Ethical Guidelines for Editors
Last updated: 2026-01-04
Editors of INFEDU are responsible for safeguarding editorial independence, the integrity of the scholarly record, and a fair peer review process.
1) Editorial independence and decision-making
- Editorial decisions are based on scholarly merit, relevance to INFEDU’s scope, and methodological rigor.
- Decisions must not be influenced by commercial interests, institutional pressure, or personal relationships.
- Editors must treat authors, reviewers, and editorial staff respectfully and professionally.
2) Fairness and non-discrimination
- Editors evaluate manuscripts without discrimination based on nationality, ethnicity, race, religion, gender, political views, or institutional affiliation.

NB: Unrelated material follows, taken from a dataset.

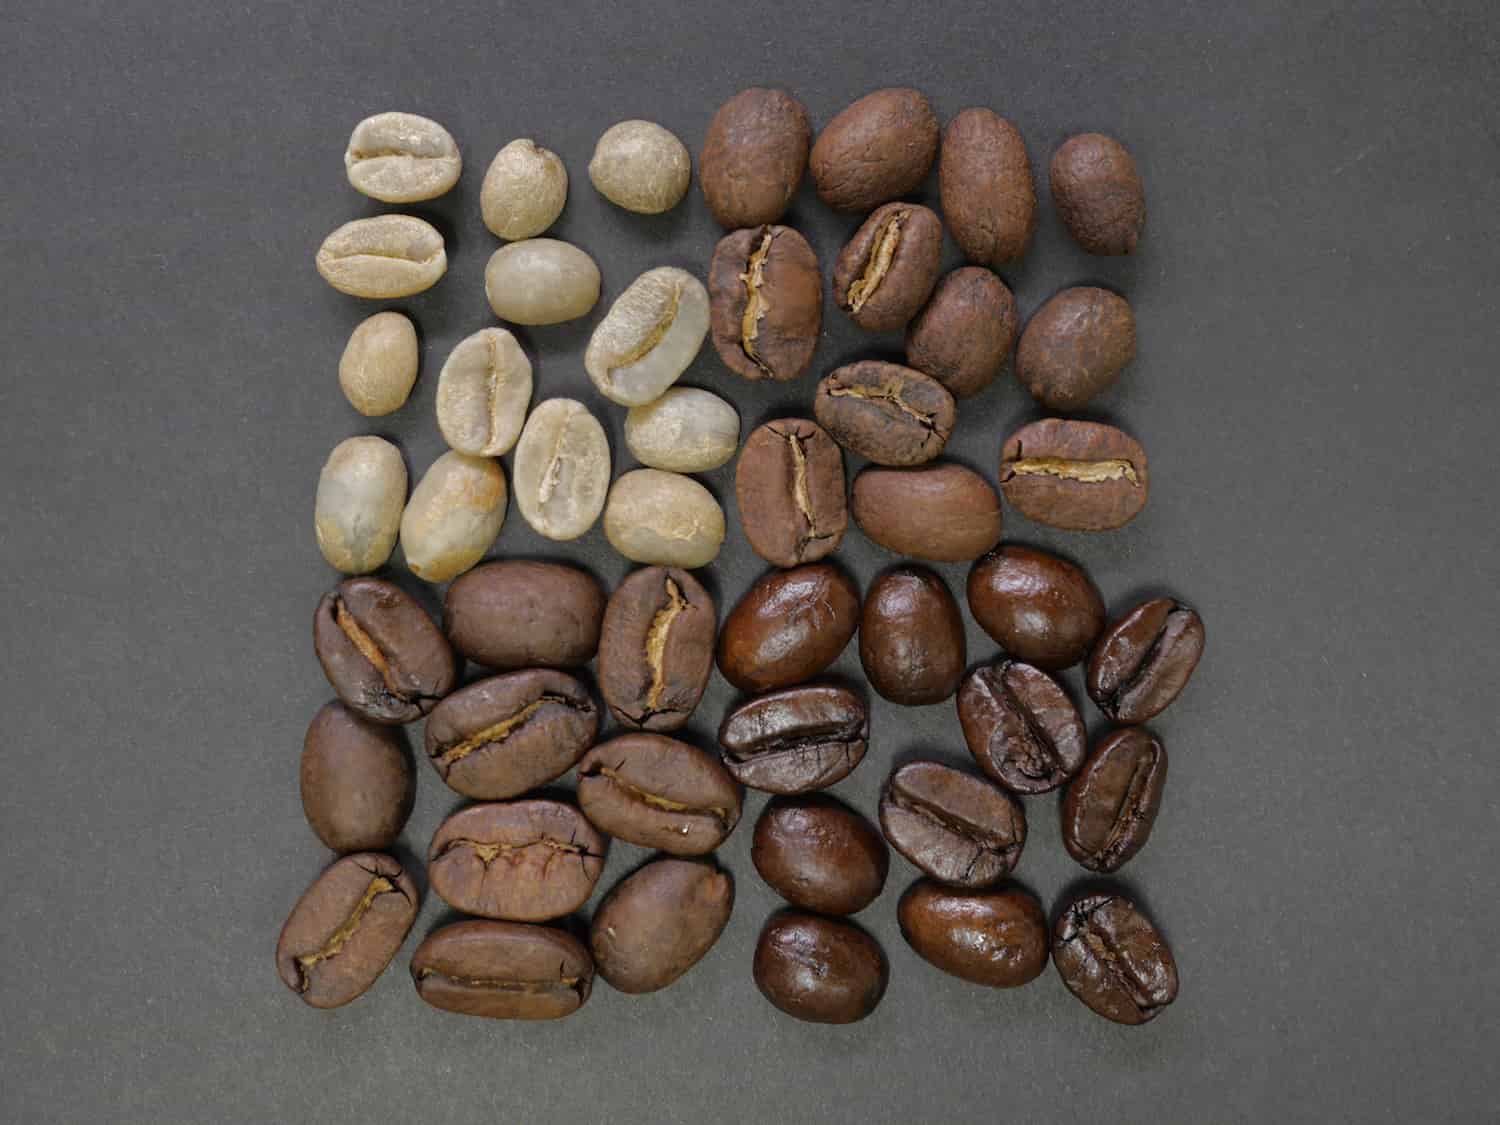 An In-depth Guide to the Profiles in the Coffee Explorer Kit
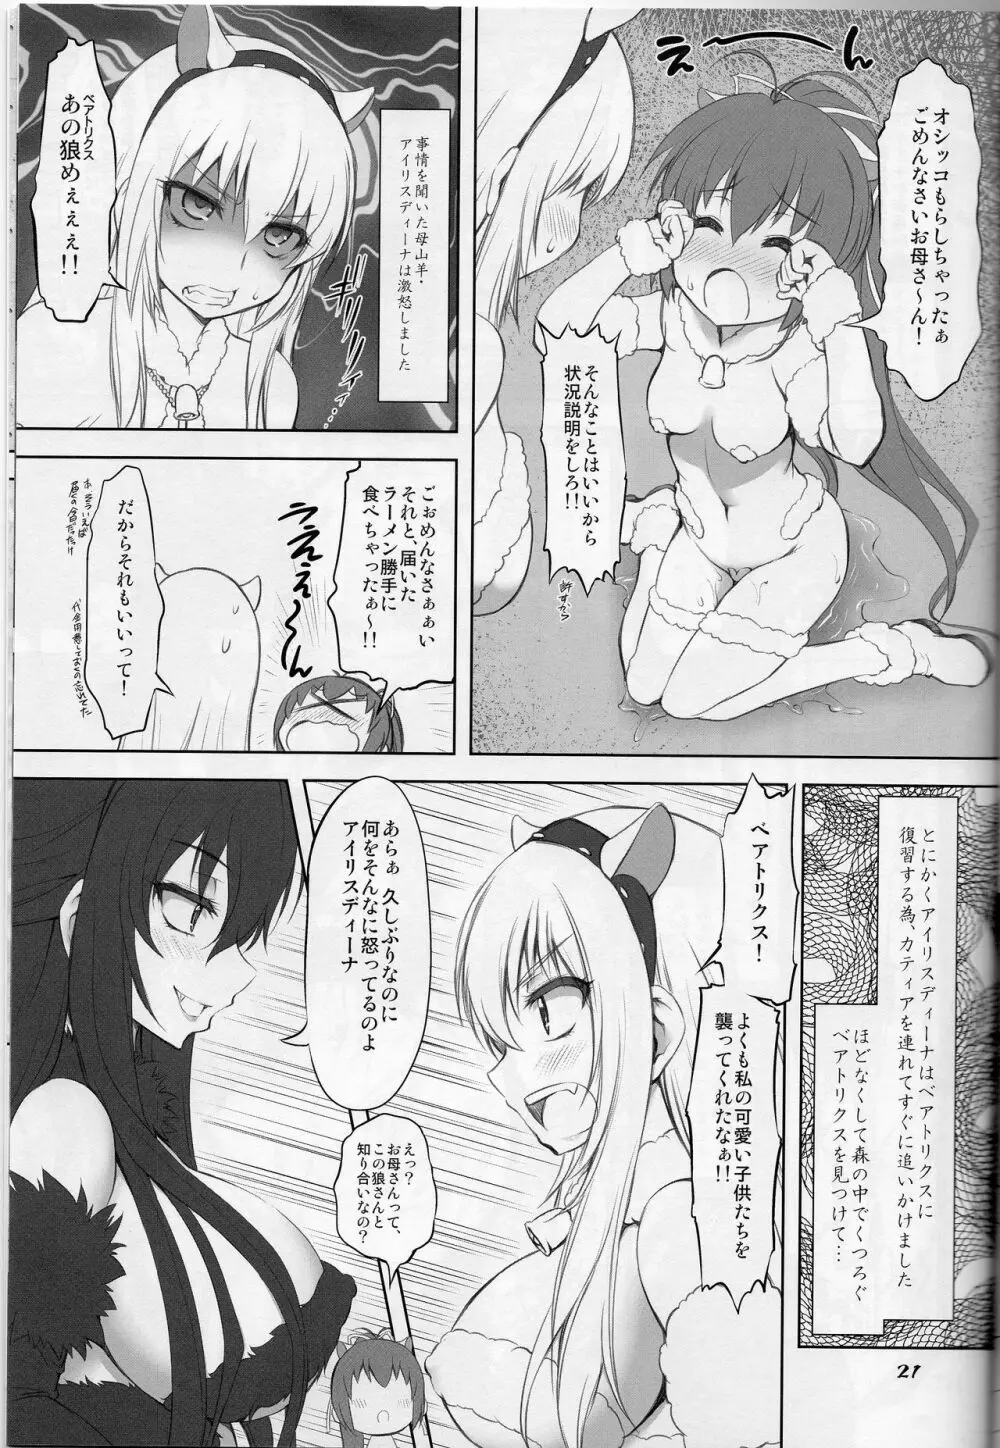 7Girls and wolf Page.22

- Editors should actively support inclusive and accessible scholarly communication.
3) Confidentiality
- Editors must protect the confidentiality of submitted manuscripts and all peer review communications.
- Editors must not use unpublished materials for their own research without the authors’ written permission.
4) Managing peer review
- Editors select reviewers with appropriate expertise and expected impartiality.
- Editors monitor timeliness and quality of reviews and ensure reviewers provide constructive, evidence-based feedback.
- Editors should be vigilant against peer-review manipulation and other integrity risks.
5) Conflicts of interest
- Editors must declare and manage conflicts of interest.
- Editors must not handle manuscripts where they have a conflict (including manuscripts they authored, or authored by close collaborators, family members, or colleagues).
- Conflicted submissions are reassigned to an independent editor.
6) Handling allegations of misconduct
If suspected misconduct arises before or after publication (e.g., plagiarism, data fabrication, unethical research, undisclosed conflicts), editors will:
- Assess evidence and seek clarification from authors when appropriate;
- Request supporting information (e.g., data or ethics approvals) when needed;
- Consult independent experts where appropriate;
- Refer serious cases to relevant institutions or research governance bodies when warranted;
- Apply established publication ethics guidance in deciding outcomes.
7) Corrections, expressions of concern, and retractions
- Editors will publish Corrections when errors affect accuracy but do not invalidate findings.
- Editors may publish an Expression of Concern when an investigation is ongoing and readers need to be alerted.
- Editors will retract articles when findings are unreliable, unethical, plagiarized, or otherwise require removal from the trustworthy record, following established retraction best practices (including linked, clear notices).
8) Appeals and complaints
- Editors provide a mechanism for authors to appeal decisions based on substantive procedural or factual grounds.
- Complaints about editorial process or ethics are handled confidentially and fairly.
9) Use of AI tools in editorial work
- Editors must not upload manuscripts or confidential editorial materials to public AI systems or third-party tools that may retain content, unless explicitly authorised and confidentiality is protected.
- Editors should require transparent disclosure from authors regarding generative AI use in manuscript preparation and analysis.